# ooooooh!



## Lucy_ (Jul 9, 2008)

exotic mammals get their own section now and not just a sub forum!! woooo! lol:no1:


----------



## Emmaj (Dec 3, 2007)

LOL yeah i just looked an thought OMG :lol2:


----------



## Lucy_ (Jul 9, 2008)

i know! i signed in an saw it and was like ooooo!:lol2:


----------



## Evie (Jan 28, 2008)

Actually you were just chucked out of the other forum :lol2:


----------



## Emmaj (Dec 3, 2007)

Evie said:


> Actually you were just chucked out of the other forum :lol2:


 
LOL do we smell that bad :Na_Na_Na_Na::lol2::lol2:


----------



## Evie (Jan 28, 2008)

Emmaj said:


> LOL do we smell that bad :Na_Na_Na_Na::lol2::lol2:


It's them skunks :lol2:


----------



## Emmaj (Dec 3, 2007)

Evie said:


> It's them skunks :lol2:


 
Aye reeet lil stinkers aint they :whistling2::lol2::lol2:


----------



## Evie (Jan 28, 2008)

Emmaj said:


> Aye reeet lil stinkers aint they :whistling2::lol2::lol2:


:lol2: and ferrets can sod off out too :Na_Na_Na_Na:


----------



## Emmaj (Dec 3, 2007)

Evie said:


> :lol2: and ferrets can sod off out too :Na_Na_Na_Na:


 
LOL anything else ya wanna chuck out while your at it :Na_Na_Na_Na::lol2::lol2:


----------



## KJ Exotics (Jun 16, 2007)

I did not relise, i read this and was like WTF are they on about then noticed when i got back on the home page lol.


----------



## Emmaj (Dec 3, 2007)

KJ Exotics said:


> I did not relise, i read this and was like WTF are they on about then noticed when i got back on the home page lol.


 
LOL did you think we were chatting random doo doo :whistling2::lol2::lol2:


----------



## Evie (Jan 28, 2008)

Emmaj said:


> LOL anything else ya wanna chuck out while your at it :Na_Na_Na_Na::lol2::lol2:


 Let me sleep on it :Na_Na_Na_Na::lol2:


----------



## Emmaj (Dec 3, 2007)

Evie said:


> Let me sleep on it :Na_Na_Na_Na::lol2:


 
LOL okies will you give me an answer in the morrrrrrrrrrrninggggggg:lol2::lol2:


----------



## Evie (Jan 28, 2008)

Emmaj said:


> LOL okies will you give me an answer in the morrrrrrrrrrrninggggggg:lol2::lol2:


Yep I will make a list of exiles hehe night night :lol2:


----------



## farmercoope (Aug 19, 2008)

I still didnt realise even after id clicked on this thread, god you can tell ive been up since 6!


----------



## KJ Exotics (Jun 16, 2007)

Emmaj said:


> LOL did you think we were chatting random doo doo :whistling2::lol2::lol2:


I did, what i thought was this was a old topic when the sub-forum was made lol :lol2:


----------



## Emmaj (Dec 3, 2007)

Evie said:


> Yep I will make a list of exiles hehe night night :lol2:


 
LOL does you not like a bit of meat loaf :whistling2:

paradise by the dash board light :2thumb::lol2:


----------



## Lucy_ (Jul 9, 2008)

no its not its cause we are luuuurrrrvvvved!! lol

joe and kj you daftos:Na_Na_Na_Na: hehehe
xxx


----------



## Emmaj (Dec 3, 2007)

farmercoope said:


> I still didnt realise even after id clicked on this thread, god you can tell ive been up since 6!

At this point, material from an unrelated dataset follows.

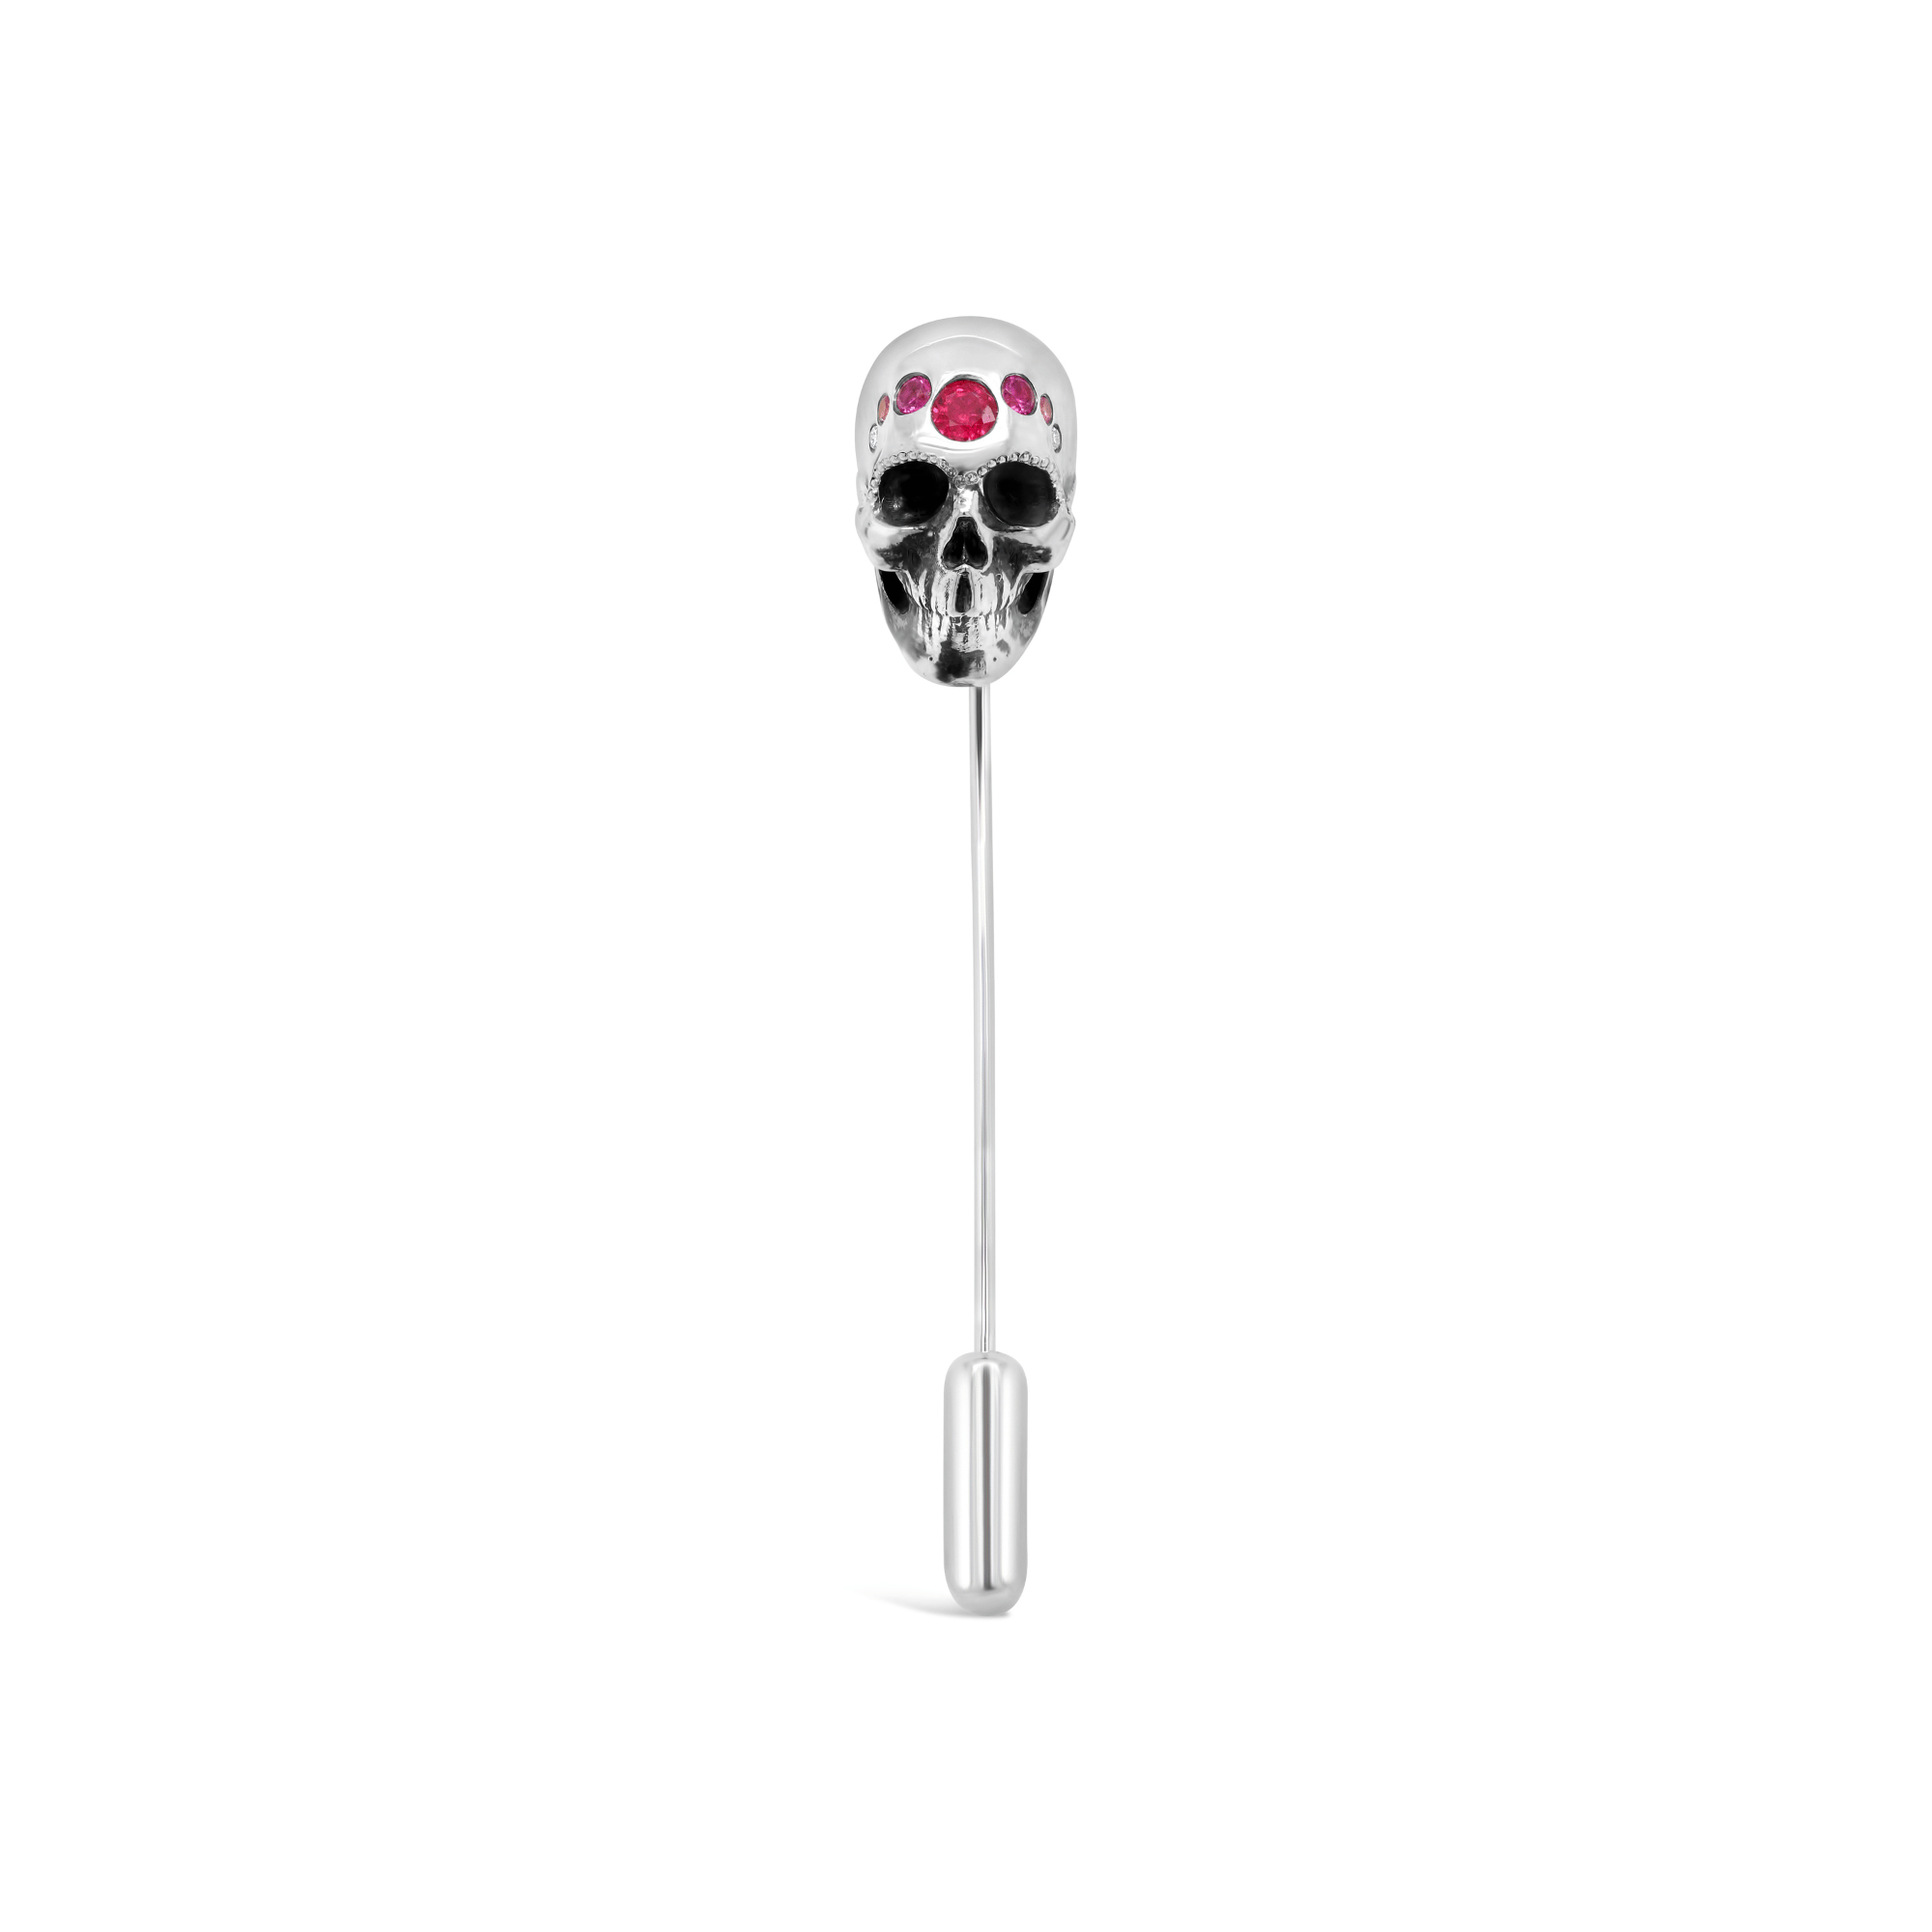 Skull and gemstone suit jacket lapel pin

LOL bless you joe :whistling2::lol2:


----------



## Emmaj (Dec 3, 2007)

KJ Exotics said:


> I did, what i thought was this was a old topic when the sub-forum was made lol :lol2:


Nopes tis a new one that lucy made :lol2:


----------



## Emmaj (Dec 3, 2007)

Lucy_ said:


> no its not its cause we are luuuurrrrvvvved!! lol
> 
> joe and kj you daftos:Na_Na_Na_Na: hehehe
> xxx


 
Is we lurrrrrved ?:whistling2::lol2:


----------



## Shell195 (May 31, 2007)

Mmm must be the naughty room:whistling2:


----------



## Lucy_ (Jul 9, 2008)

yes we are! thats why we got promoted from sub forum to proper forum:2thumb: :lol2:


----------



## Emmaj (Dec 3, 2007)

Shell195 said:


> Mmm must be the naughty room:whistling2:


I wondered why i was sat in the corner :lol2:



Lucy_ said:


> yes we are! thats why we got promoted from sub forum to proper forum:2thumb: :lol2:


Ooooo well if you put it like that then we must be :2thumb::no1::lol2:


----------



## farmercoope (Aug 19, 2008)

Haha Lucy shhhh! Im not clever enough to realise! lol


----------



## Emmaj (Dec 3, 2007)

farmercoope said:


> Haha Lucy shhhh! Im not clever enough to realise! lol


 
Least your honest :Na_Na_Na_Na::lol2:


----------



## Lucy_ (Jul 9, 2008)

:lol2: yea, at least hes not trying to justify his sillyness:Na_Na_Na_Na: hehe


----------



## Emmaj (Dec 3, 2007)

Lucy_ said:


> :lol2: yea, at least hes not trying to justify his sillyness:Na_Na_Na_Na: hehe


thats so very true honesty being the best policy an all that jazz : victory::lol2:


----------



## farmercoope (Aug 19, 2008)

:whip: *goes to cry* Big meanies im gonna report your posts!:devil: Hahaha. :bash:

well i know who my real friends are ( turns to the left to talk to bob, the great man with the invisible cloak )


----------



## Emmaj (Dec 3, 2007)

farmercoope said:


> :whip: *goes to cry* Big meanies im gonna report your posts!:devil: Hahaha. :bash:
> 
> well i know who my real friends are ( turns to the left to talk to bob, the great man with the invisible cloak )


 
LOL erm............:whistling2:.................:whip:

hello bob on the left of joe in the invisible cloak :whistling2::lol2:


----------



## leggy (Jan 18, 2007)

I only found out when i started reading this thread and thought oh have we :blush: lol


----------



## carlycharlie (Jan 16, 2008)

I thought my computer was on the blink, then wondered of RFUKs latest move had knocked things out of sync....then realised Exotic mammals had mocved to their very own place. WTG RFUK team :2thumb:

Now this exists on its own merits, does it also mean the mods will be moving the posts from the Other Pets section into here? There are a lot of skunk threads in particular still in the old forum.......:whistling2:


----------